• **WORK ITEM**: Set down the full listing exactly as given. Any pictures are to be left out.

DATASET EXTRACT START

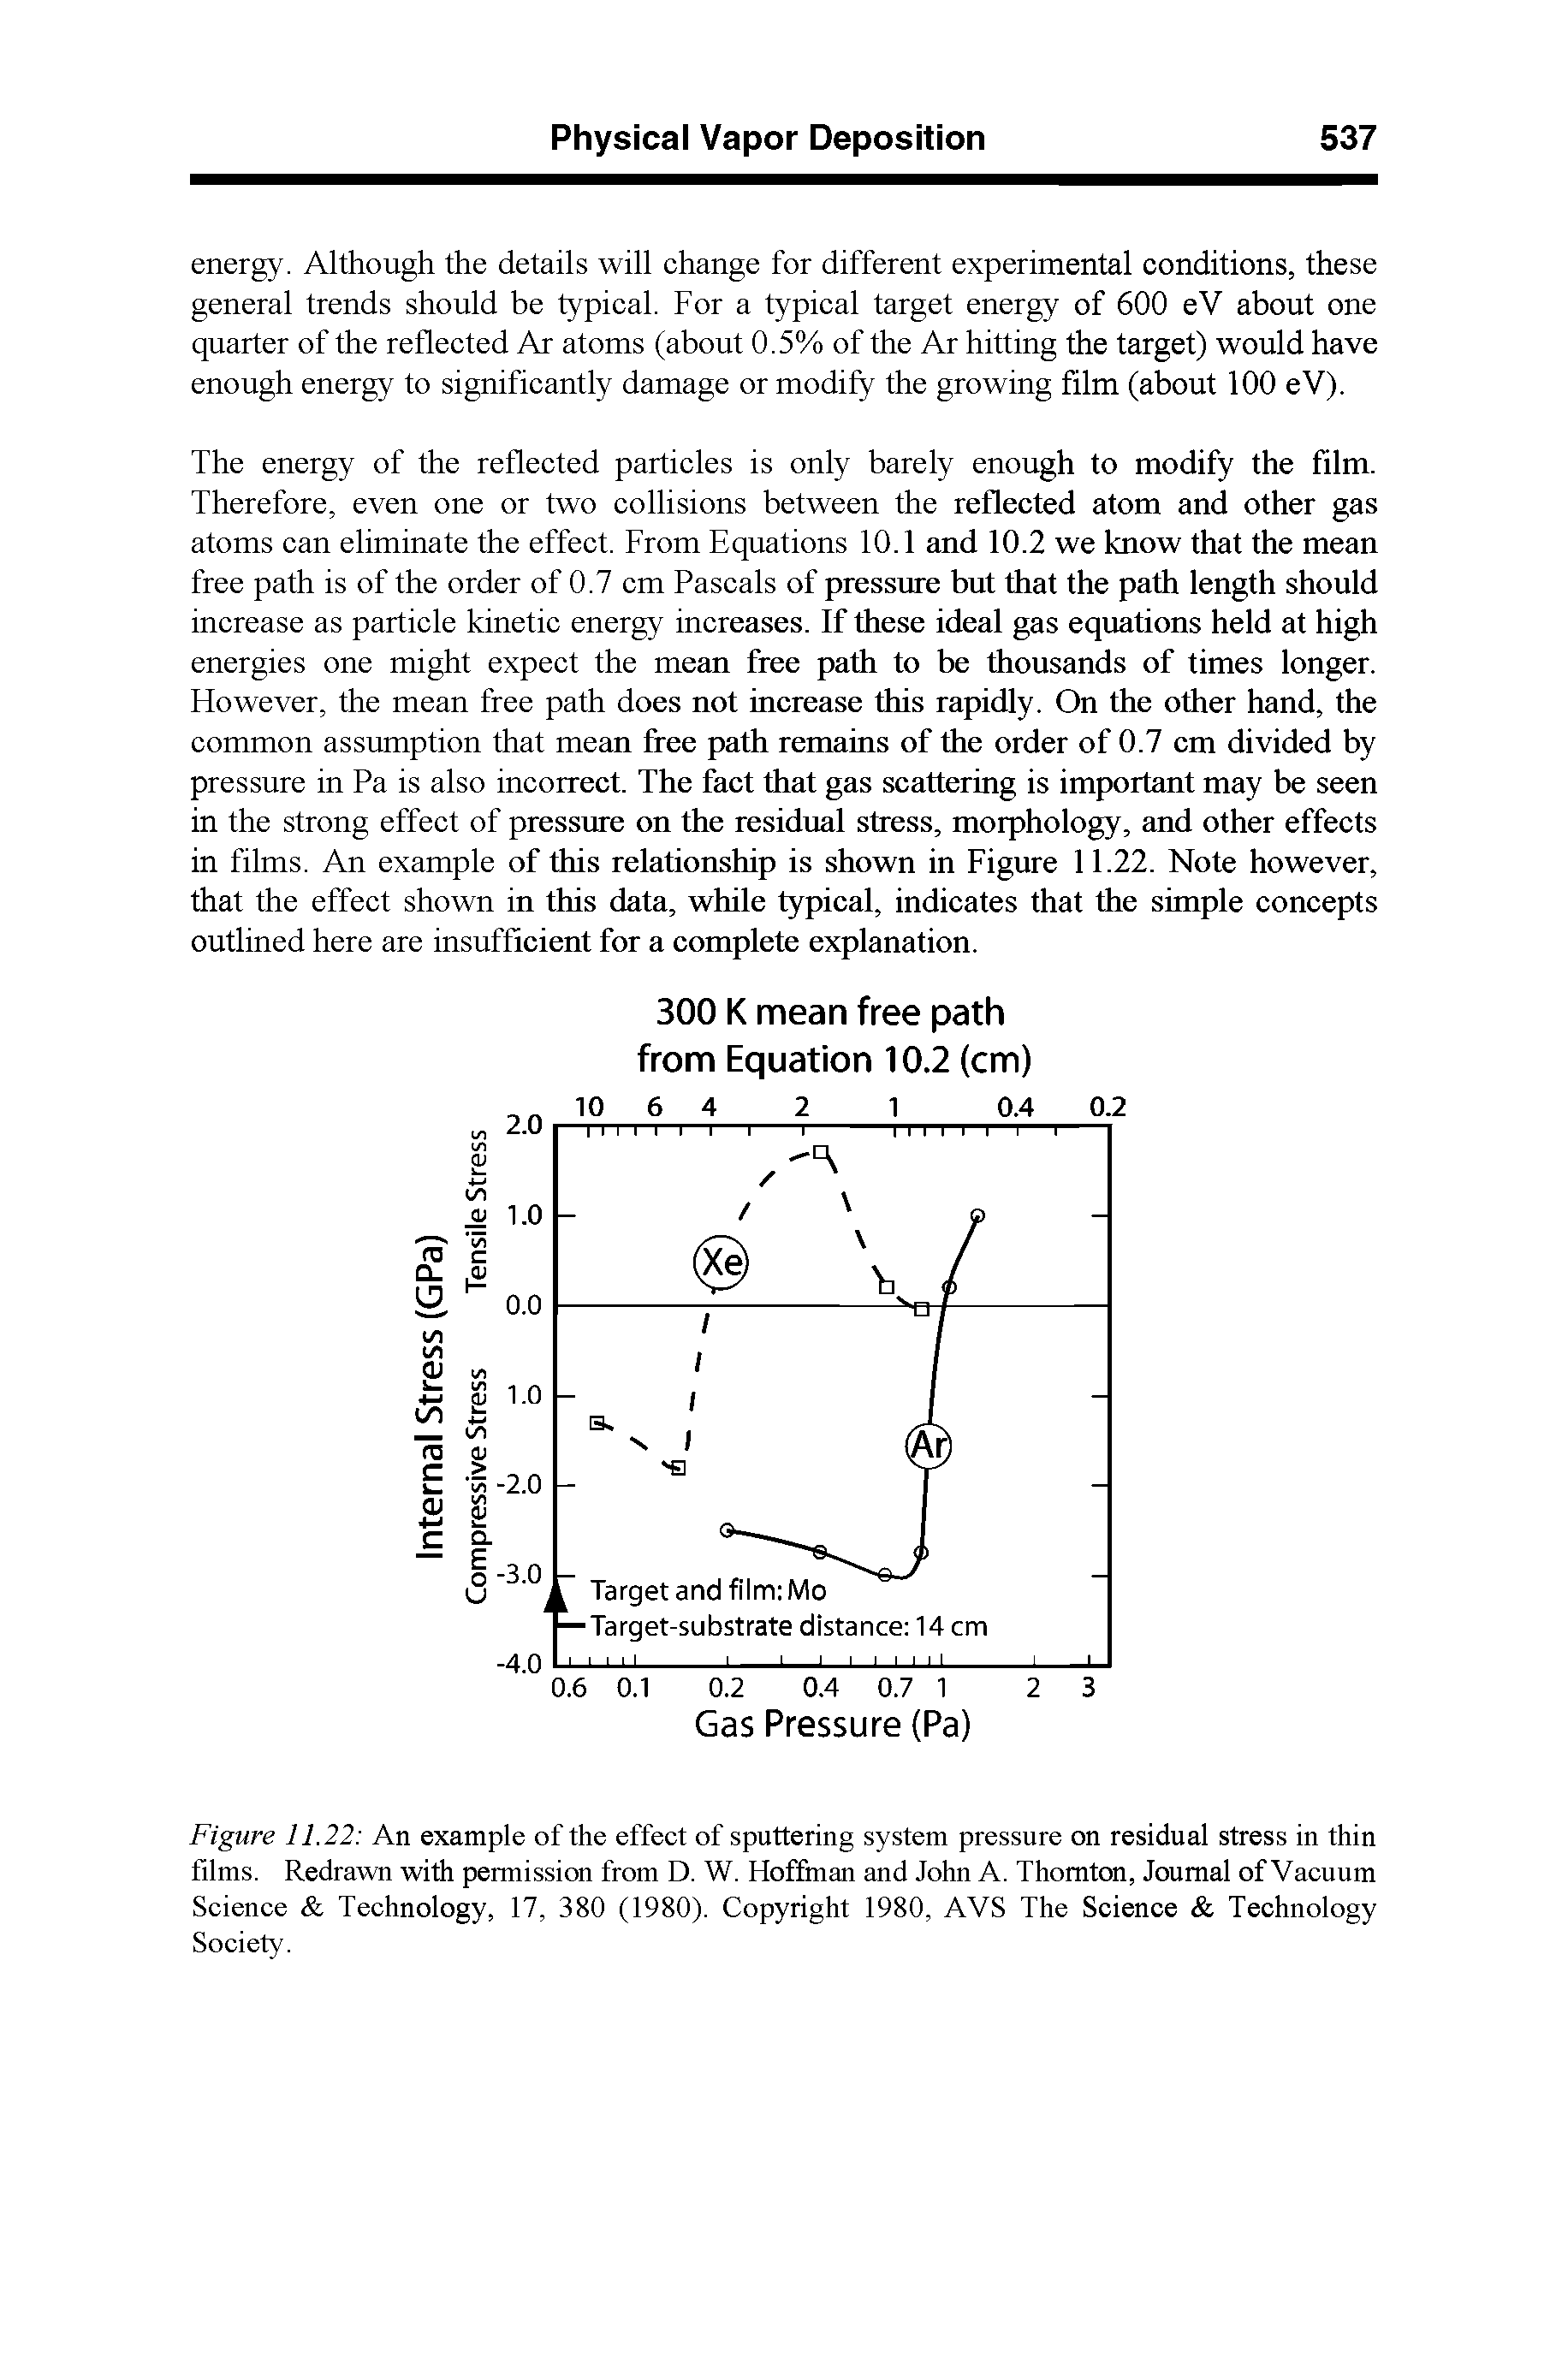 Figure 11.22 An example of the effeet of sputtering system pressure on residual stress in thin films. Redrawn with permission from D. W. Hoffman and John A. Thornton, Journal of Vaeuum Seienee Teehnology, 17, 380 (1980). Copyright 1980, AVS The Science Technology Society.
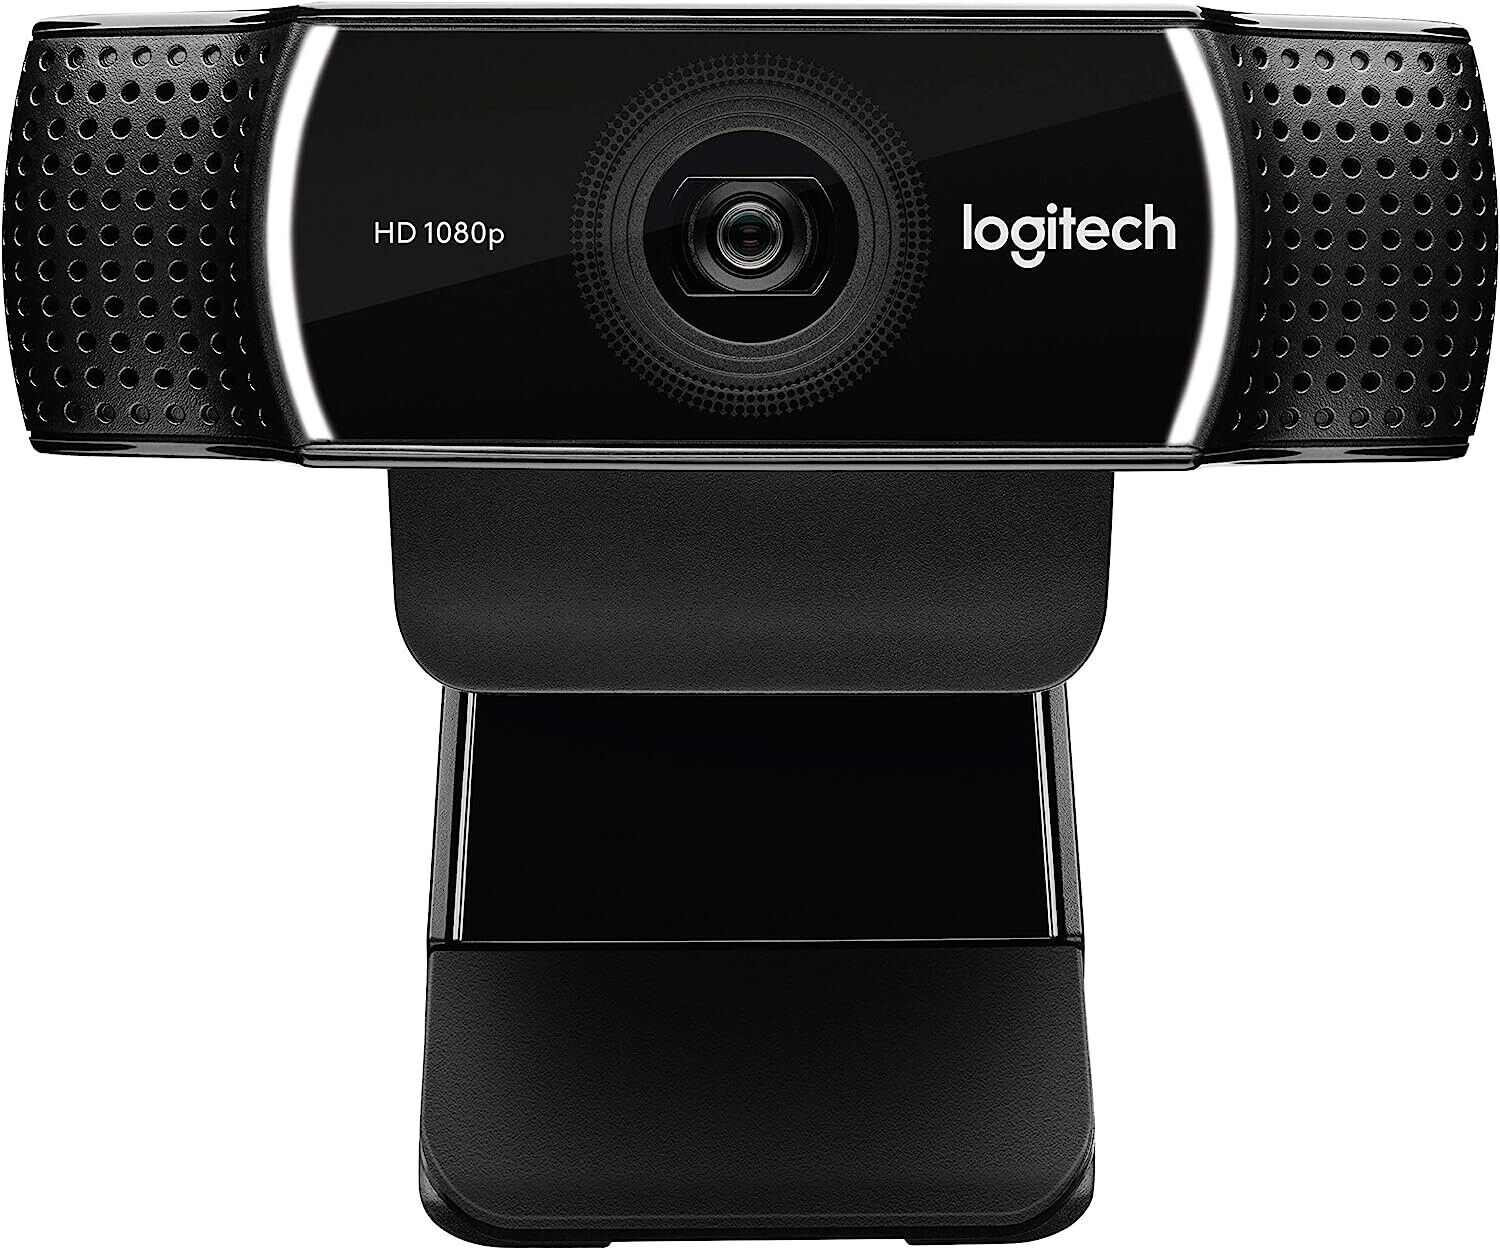 New Logitech 1080p Pro Stream Webcam for HD Video Streaming and Recording
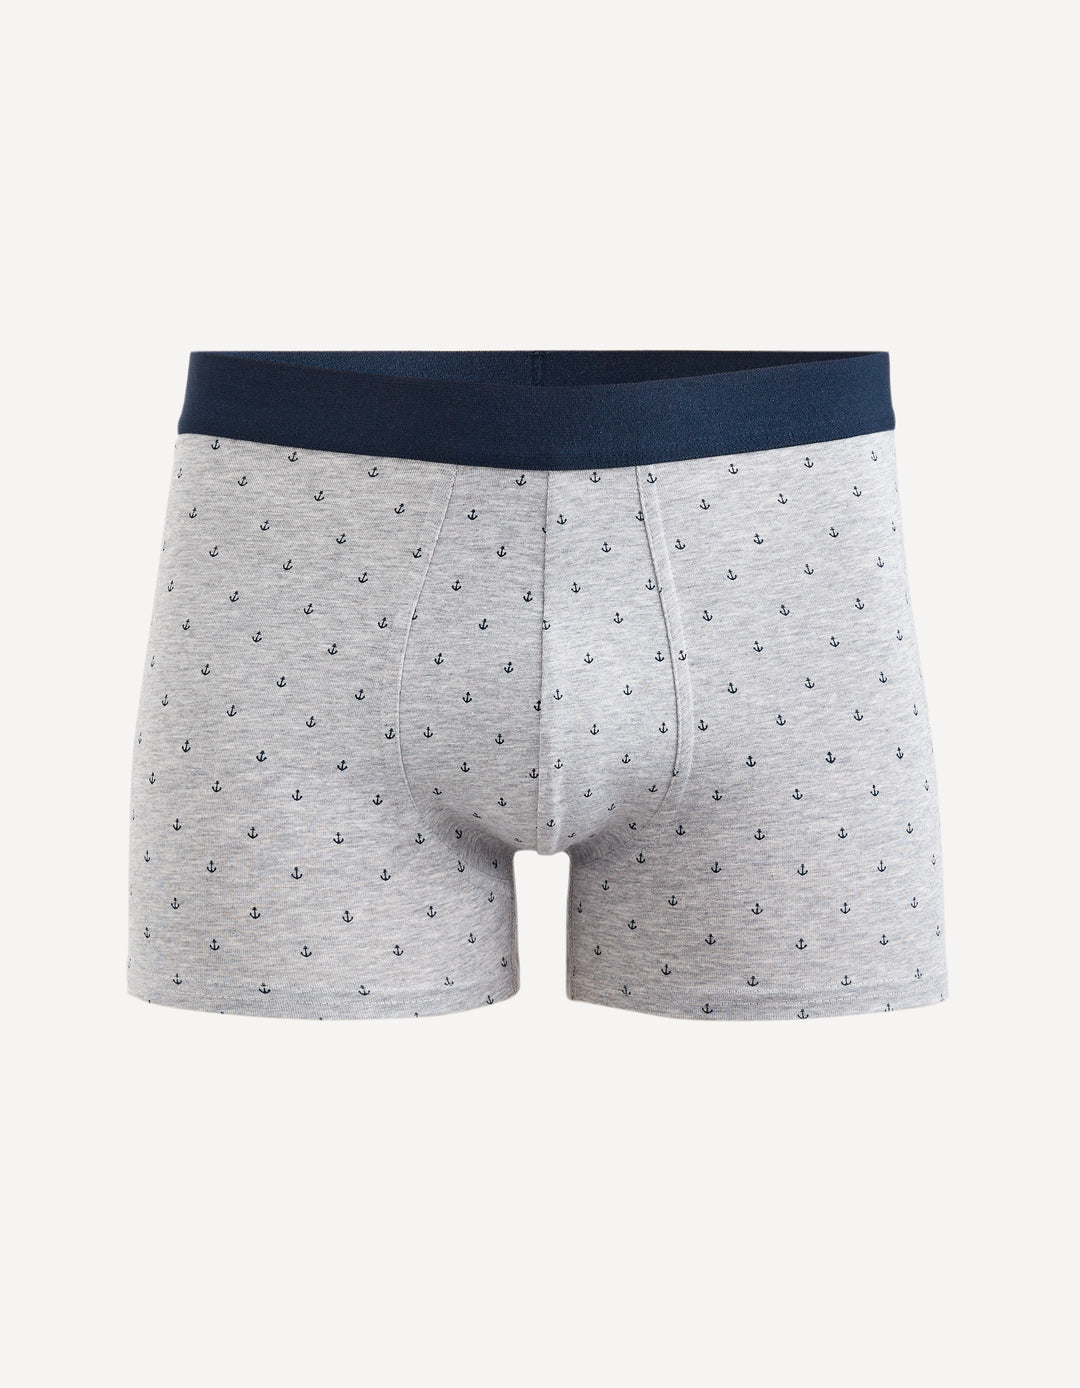 Boxer shorts with stretch cotton ink patterns

DATASET EXTRACT END

• **FINISHED EXERCISE**:
 Figure 11.22 An example of the effeet of sputtering system pressure on residual stress in thin films. Redrawn with permission from D. W. Hoffman and John A. Thornton, Journal of Vaeuum Seienee Teehnology, 17, 380 (1980). Copyright 1980, AVS The Science Technology Society.
 New Logitech 1080p Pro Stream Webcam for HD Video Streaming and Recording
 Boxer shorts with stretch cotton ink patterns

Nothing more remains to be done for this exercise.